Steps in Calvin Cycle: Carbon fixation: a. CO2 molecule is attached to a 5 carbon molecule called ribulose bisphosphate (RuBP). The enzyme is RuBP carboxylase. Product is a 6 carbon molecule. b. This molecule is unstable and immediately splits to form two 3 carbon molecules: 3-phosphoglycerate
2. Reduction: a. Each 3 carbon molecule gets another P from ATP and becomes 1,3 bisphosphoglycerate. b. A pair of electrons is donated from NADPH to reduce the 1,3 bisphosphoglycerate and it releases one phosphate. Molecule is called glyceraldehyde-3-phosphate G3P or phosphoglyceraldehyde PGAL. (this is the same sugar that is made in glycolysis after 6C sugar is split) c. Because some of the G3P needs to regenerate RuBP, only one out of six of these will go one to make a 6 carbon sugar, the other 5 will stay in the cycle. d. So 6 molecules of CO2 are needed for a net gain of one G3P and one RuBP (a 5 carbon molecule)
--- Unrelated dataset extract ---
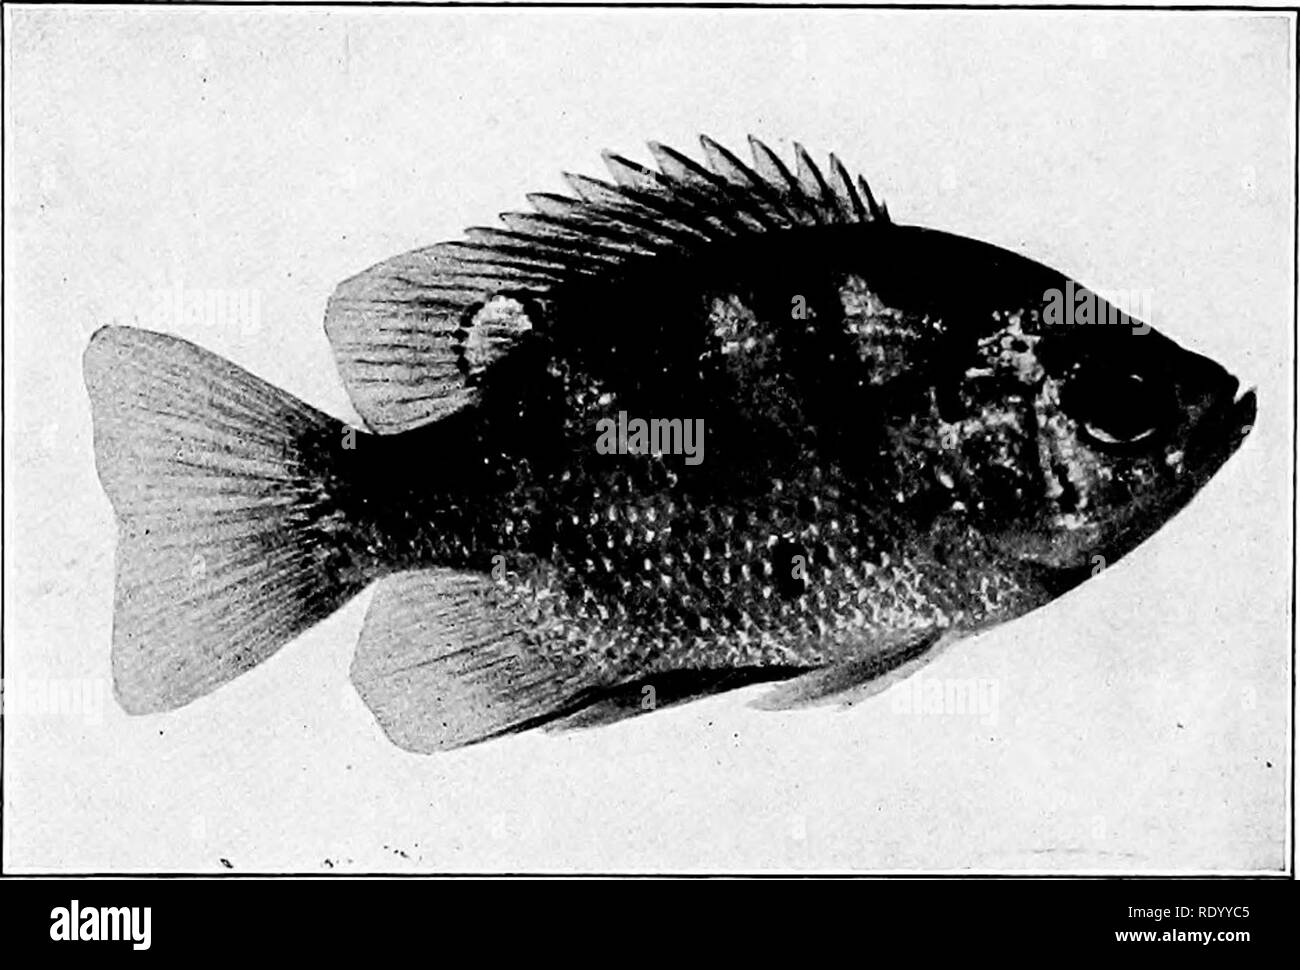 Aquarium species Black and White Stock Photos & Images - Page 3 - Alamy

3. Regeneration of RuBP a. five G3P molecules are rearranged to make 3 RuBP molecules. b. 5 X 3 carbons=15 and 3 X 5 carbons= 15 c. this uses 3 molecules of ATP d. RuBP is regenerated so cycle can continue e. So 3 molecules of CO2 combine with 3 molecules of RuBP to make 6 molecules of G3P. One will go on to make a 6 carbon sugar, the other 5 will regenerate RuBP. This requires 9 ATP and 6 NADPH
http://www.science.smith.edu/departments/Biology/Bio231/calvin.htmlhttp://www.science.smith.edu/departments/Biology/Bio231/calvin.html http://www.sinauer.com/cooper/4e/animations0305.html
Alternate mechanisms for PTN Some plants fix CO2 into a different molecule which is a four carbon molecule instead of a 3 carbon molecule- these are called C4 plants. Examples are: sugarcane, corn and grasses. CO2 combines with phosphoenolpyruvaye (PEP) to form oxaloacetae, using the enzyme PEP carboxylase. This enzyme has a high affinity for CO2 and fixes C02 more efficiently. Structure of leaves in C4 plants relates to differences in the mecahnisms of PTN. C4 plants have two photosynthetic cells: bundle sheaths and mesophylls.
Bundle sheath and mesopyll cells are packed together around the veins. The Calvin cycle takes place in the bundle sheath cells, initial CO2 fixation takes place in the mesophyll cells. The mesopyll cells supply the bundle sheath cells with C02 in the form of PEP These plants are adapted to hot, high level conditions and can fix CO2 even when their stomata are partially closed. CAM plants (succulents, pineapples) use another adaptation to minimize water loss. They only open their stomata at night and fix C02 in crussulacean acid, which is stored until the daytime when light is available.